Navigating conspiracies and antivax
The importance of clear and accurate science communication is made even more urgent by the disturbing rise in misinformation about the virus and how to treat it. Some world leaders (most notably US President Trump and Brazilian President Bolsonaro) have track records of rejecting scientific advice and spreading misinformation. Indeed, both have disregarded social-distancing recommendations and promoted unproven treatments amid the coronavirus crisis. This has been met with widespread criticism, and even Fox news, a channel notoriously supportive of Trump, had to issue a warning when he suggested injecting disinfectant to combat the virus4. And Facebook and Twitter, in line with new policies to take down potentially harmful misinformation, removed videos of President Bolsonaro falsely claiming hydroxycholoroquine and on another occasion a “natural brew” as effective treatments against Covid-195,6.
Even putting problematic presidents aside, the rise in conspiracy theories remains a pressing issue. This becomes especially alarming as we move towards developing a vaccine. A global vaccination programme relies on public trust in science and anti-vaccination campaigns could disrupt our best hope of beating the virus. In France, 33% of people were found, in a 2018 survey by the Wellcome Trust7 to disagree with the statement “vaccines are safe”. And in the US, anti-Covid vaccination protests have begun before one has even become available8.

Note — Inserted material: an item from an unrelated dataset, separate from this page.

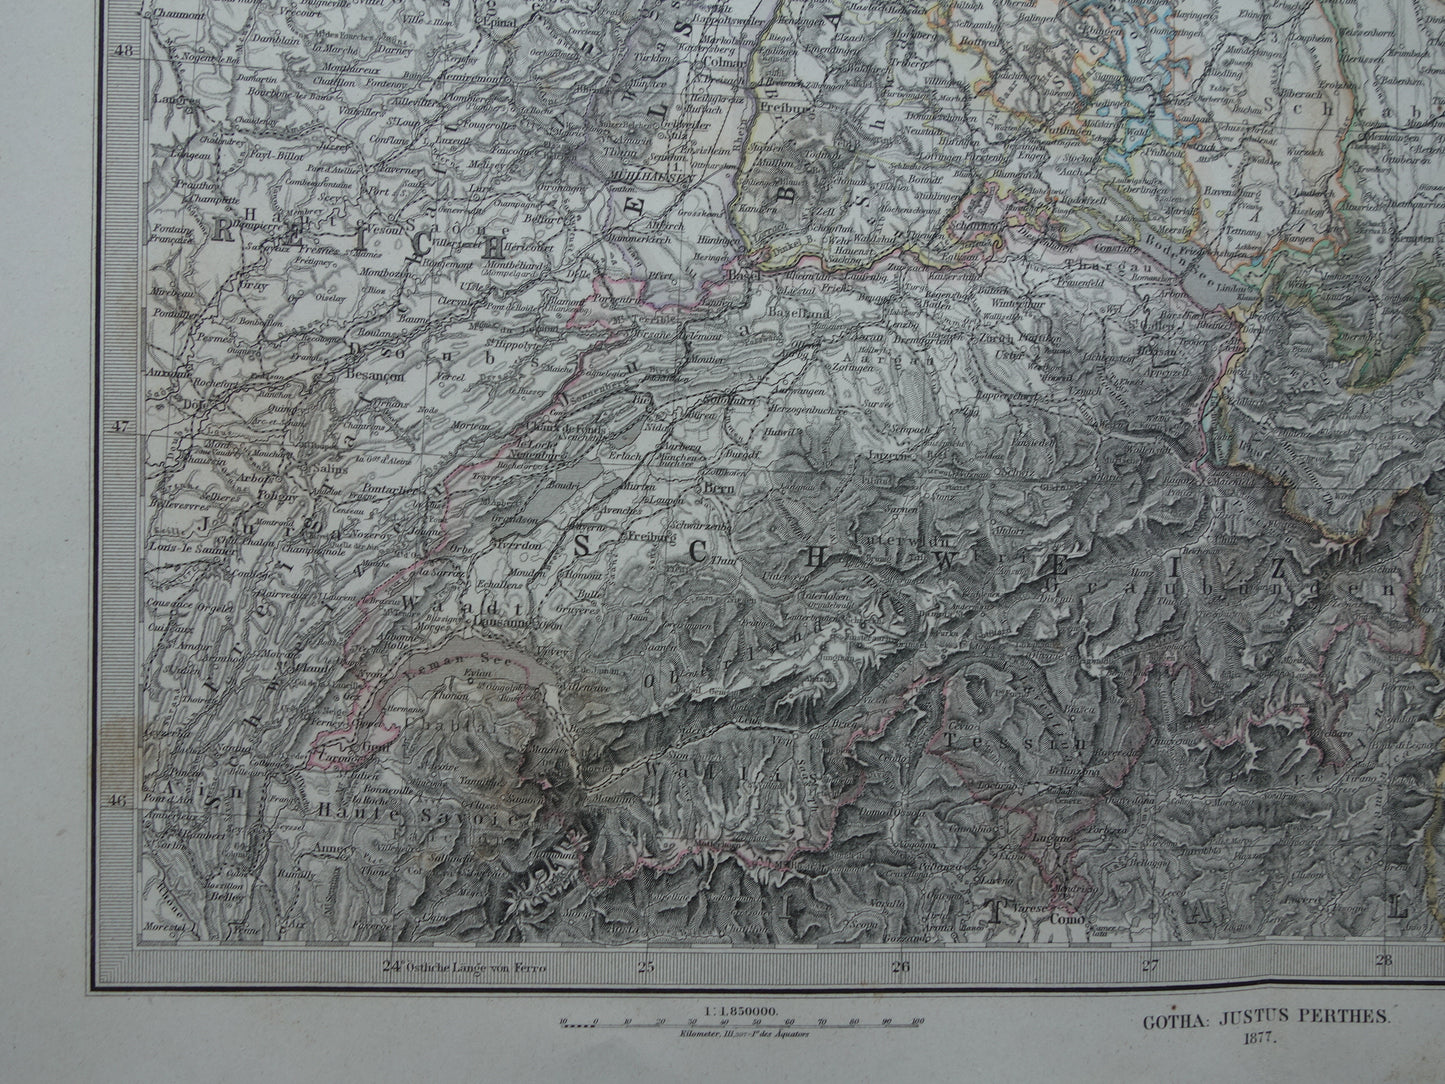 Oude landkaart van Zuid-Duitsland en Zwitserland originele 145+ jaar oude antieke kaart Elzas Lotharingen Württemberg Beieren
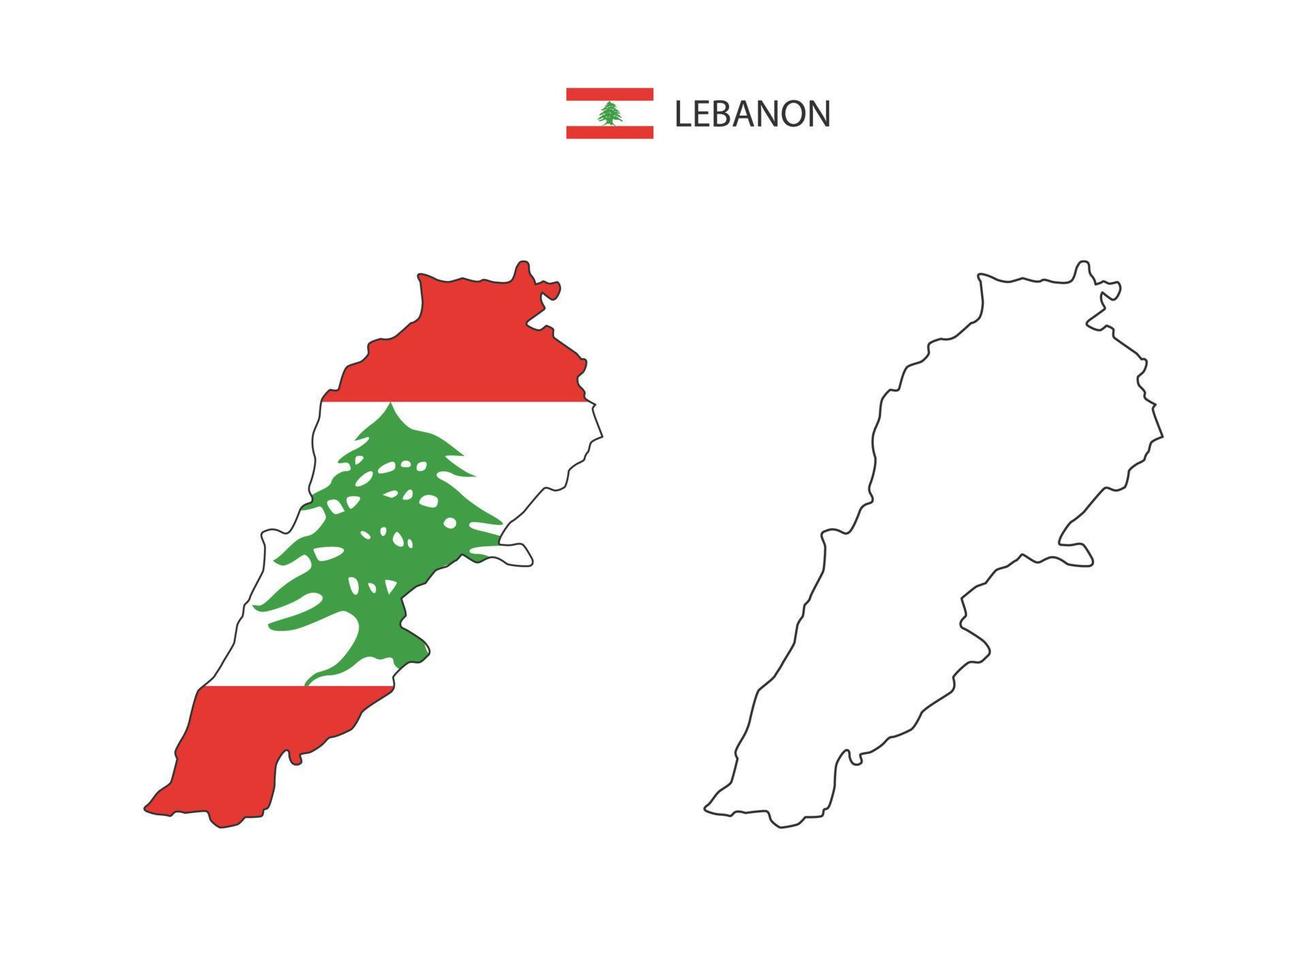 vetor da cidade do mapa do líbano dividido pelo estilo de simplicidade do esboço. tem 2 versões, versão de linha fina preta e cor da versão da bandeira do país. ambos os mapas estavam no fundo branco.

A global vaccination programme relies on public trust in science and anti-vaccination campaigns could disrupt our best hope of beating the virus
Despite this, there could be no better proof of concept that vaccines are essential than our current situation. Indeed, living through the dire reality of a pandemic without a vaccine could persuade previous sceptics of their importance. Anti-vaccination attitudes are very much a Western problem7, perhaps due to lack of exposure to outbreaks in recent years, as major outbreaks such as SARS and MERS have been mainly restricted to Asia and the Middle East. The massive restrictions on our usual way of life and shocking global death toll as a result of not having one vaccine will hopefully change the attitudes of antivaxxers. That together with clear communication about the development process – which ensures rigorous evaluation of vaccine safety before release to the public.
Sink or swim?
Coronavirus has raised the public profile of science and placed a spotlight on the importance of clear and accurate scientific communication. This together with transparency in science, on the scientific method, and vaccine and drug development process, will be crucial to maintain public trust in science as we move out of this pandemic and into the future.